Speaking of promises - I think it's a great improvement over
callbacks, honestly I'm not sure why would anyone would want to remove
them. One thing that would be nice is to be able to use any
spec-compliant implementation, such as when.js or native ES6 if
available, although I don't know what's a good way to implement
this. Another area where promises may potentially be useful is error handling, 
as
an alternative to events.

I'm just getting my feet wet with thrift, so it'll probably be some
time before I have any patches, but when I do will certainly share.

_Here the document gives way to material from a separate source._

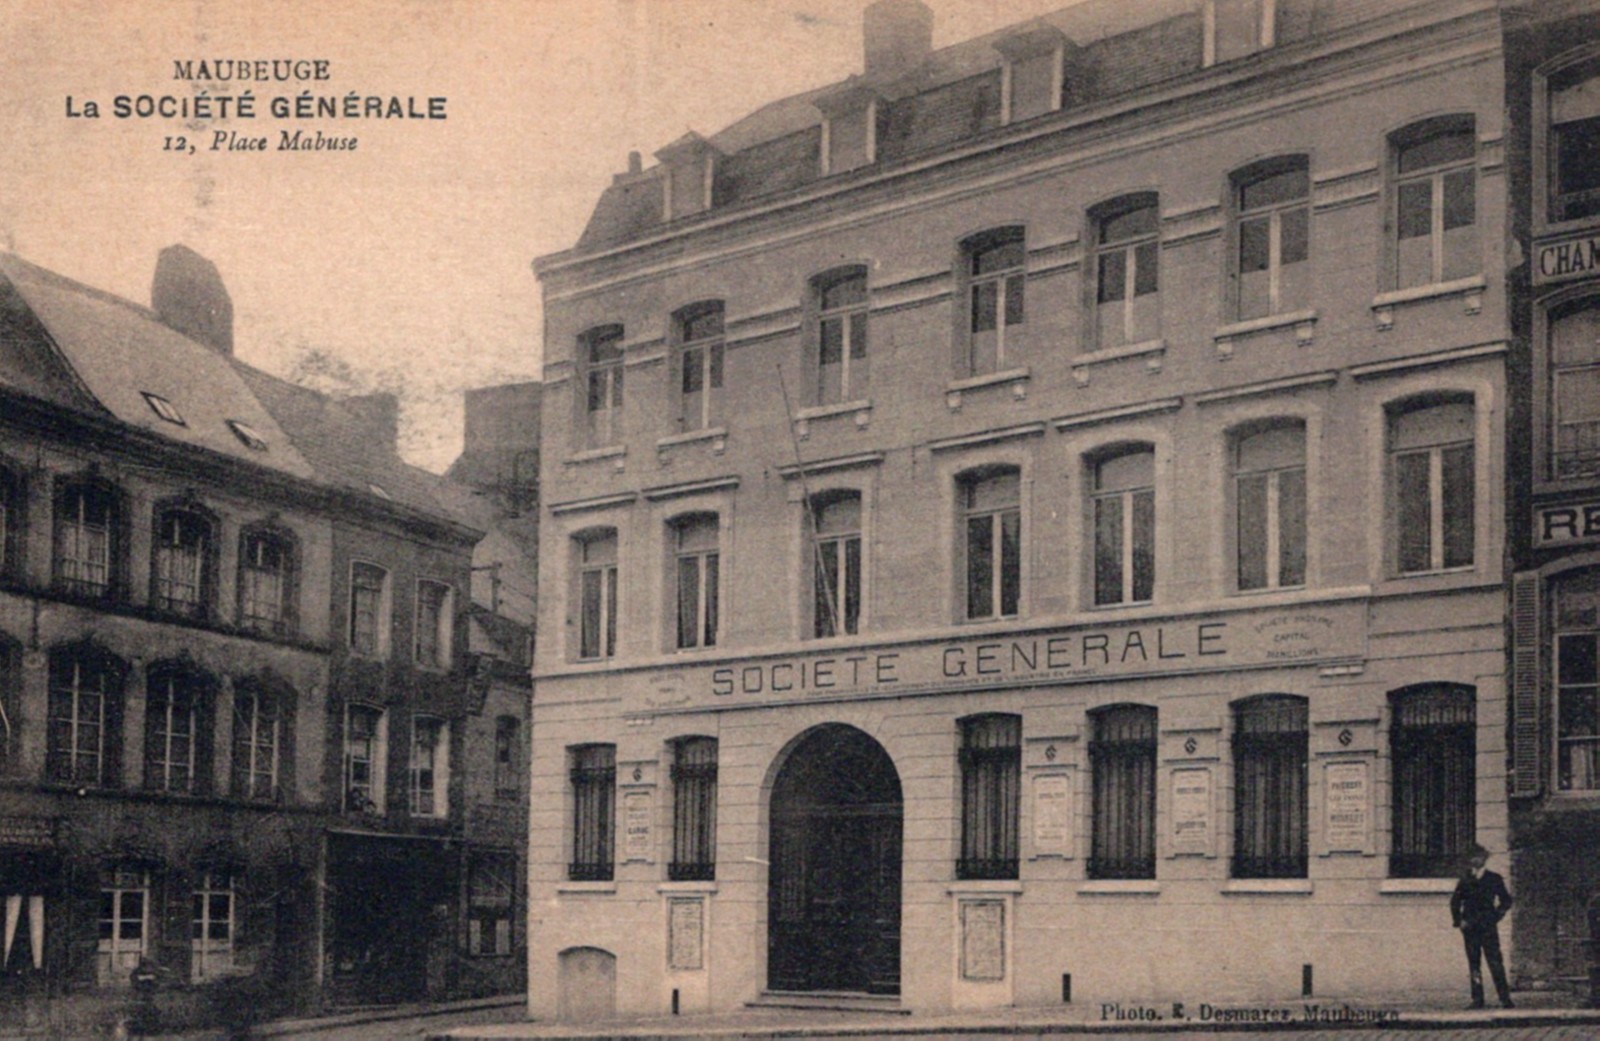 Maubeuge, Société Générale avant 1940

> nodejs: index.js requires too much
> ----------------------------------
>
>                 Key: THRIFT-2995
>                 URL: https://issues.apache.org/jira/browse/THRIFT-2995
>             Project: Thrift
>          Issue Type: Bug
>          Components: Node.js - Library
>    Affects Versions: 0.9.2
>         Environment: webpack
>            Reporter: Igor Tkach
>
> THRIFT-2387 requested centralizing external exports in index.js. Required 
> modules that are now in  index.js create unnecessary and problematic 
> dependencies  which make it impossible to use thrift module in browser via 
> tools like webpack. Client code may avoid using {{require('thrift')}} import 
> like so:
> {code:javascript}
> var options = {
>     transport: require('thrift/transport').TBufferedTransport,
>     protocol: require('thrift/protocol').TBinaryProtocol,
>     path: "/",
>     headers: {"Connection": "close"},
>     https: false,
>     responseType: 'arraybuffer'
>   };
>   var httpConnection = require('thrift/http_connection');
>   var con = httpConnection.createHttpConnection("localhost", 8888, options);
>   var client = httpConnection.createHttpClient(MyService, con);
> {code}   
> but unfortunately generated {{MyService}} nodejs module contains  
> {{require('thrift')}} which tries to bring in connection, ws_connection, 
> server and web_server all of which of course are unwanted in the browser and 
> depend on node modules that can't work in the browser.